Iconic Nashville soda shop hosts new USPS stamps launch

NASHVILLE, Tenn. (AP) — The future seemed grim five years ago for a Nashville soda shop that has been serving up ice cream since the Great Depression. Faced with a rent increase, the Elliston Place Soda Shop hung a sign on the door: It would be closing for good.

In a city with a poor track record of protecting landmarks, it seemed as if another piece of Nashville history was about to disappear.

Two days later, the lunchtime line was out the door and down the block. Longtime waitress Linda Melton — Miss Linda to her many customers — said one alum from nearby Vanderbilt University flew in from New York, just for one last shake.

The immediate public show of support led to a new lease, a new owner and new popularity for the old-fashioned shop, which still has its classic tiled walls and floors, neon “food” and “soda” signs and red vinyl stools lining a Formica-topped counter.

Thursday marks a high point in the landmark’s comeback. Elliston Place was chosen as the launch site for the United States Postal Service’s new “soda fountain favorites” stamps, in part because it still offers all five desserts they depict: double-scoop ice cream cone, egg cream, banana split, root beer float and hot fudge sundae.

Stamp collectors attending the first-day-of-issue ceremony could get a special cancellation designed to look like the soda shop’s neon sign, complete with a sundae with a cherry on top.

Owner Skip Bibb said the shop is Nashville’s oldest restaurant that has continuously operated in its original location. It started out as part of a drugstore — the tiled walk in front of the door still reads “Elliston Pharmacy” — but in 1939, it became its own business.

Before Bibb bought the shop, the same person had owned it for decades, and suffered a long illness that left him unable to do much with it. Longtime customers still dropped by, but the shop “lost its energy,” Bibb said. “There was no ownership guidance.”

“My challenge when I got here was, I didn’t want to run a museum, but I did feel a sense of stewardship, because so many people have so many fond memories of this place.”

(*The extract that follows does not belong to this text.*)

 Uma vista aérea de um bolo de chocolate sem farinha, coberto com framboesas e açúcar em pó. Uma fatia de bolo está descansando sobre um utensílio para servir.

“We brought the food back to the level where it once was, back to using really good quality ingredients and making it from scratch,” Bibb added. “We cut out our own onion rings. We pat out our own burgers. We buy our buns from a local bakery.”

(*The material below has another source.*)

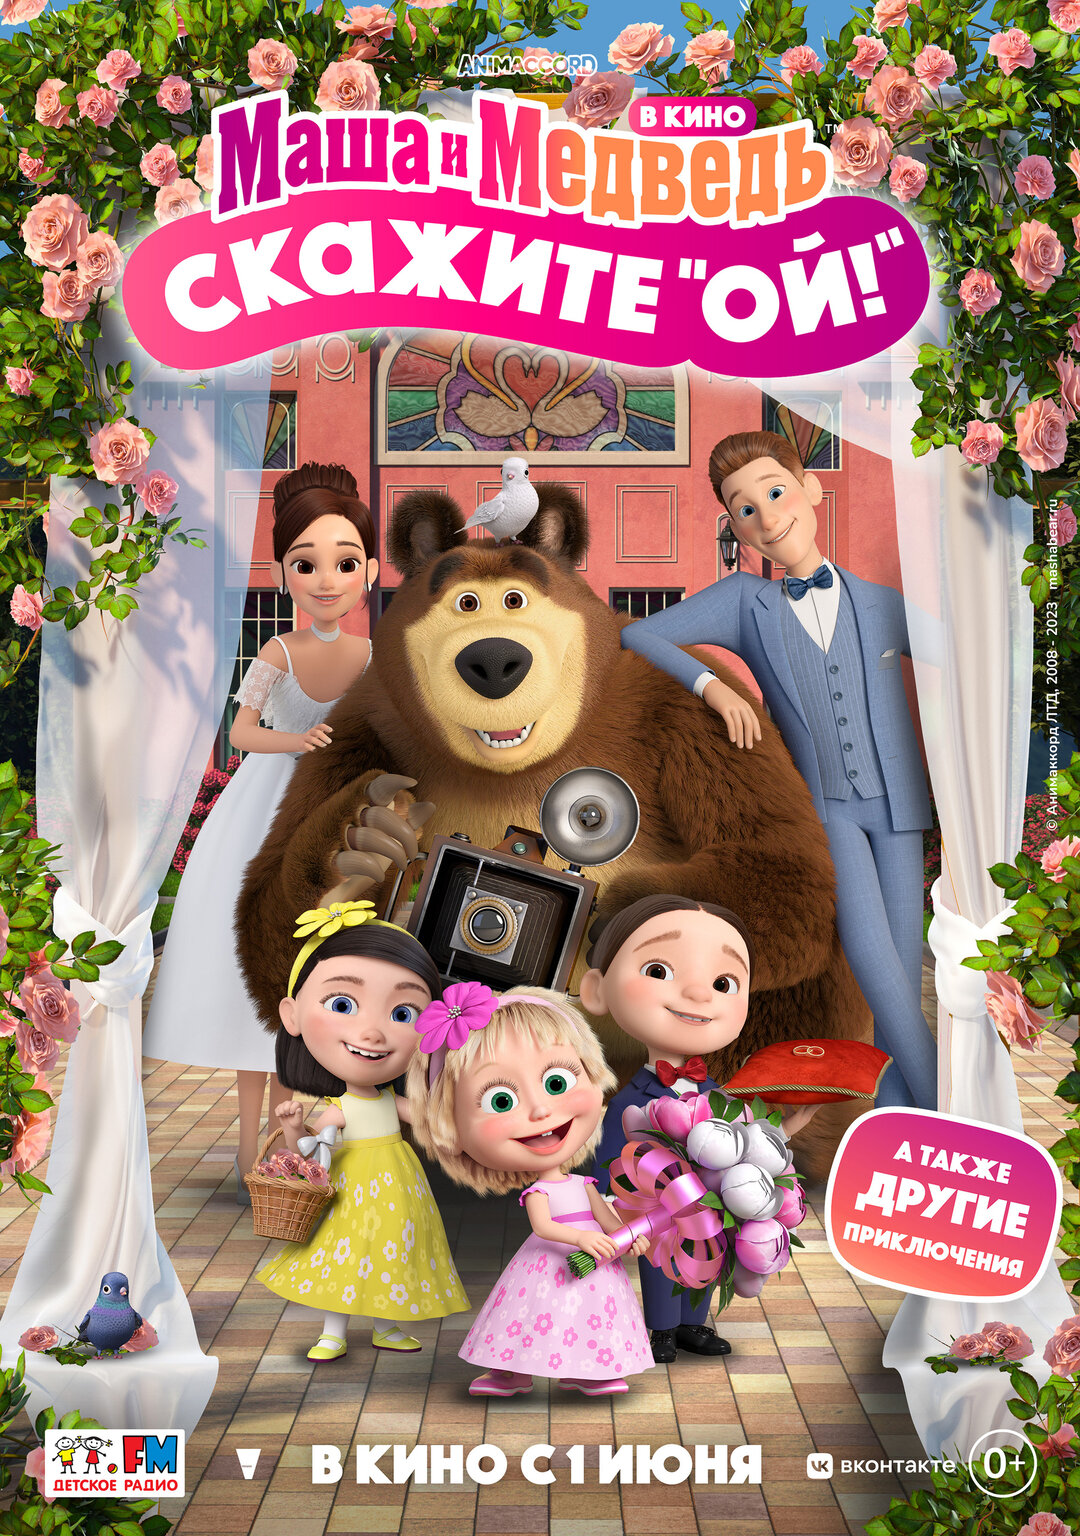 Обложка к картине "Маша и Медведь в кино: скажите «Ой!»"

The shop also joined the world of social media in earnest. Its Facebook page has more than 22,000 “likes,” and the customer experience makes it perfect for Instagram and Pinterest, Bibb said.

In an age where people love to post photos of their food, who could resist snapping a picture of Miss Linda’s coconut cream pie, topped with five inches of perfectly sculpted and browned merengue?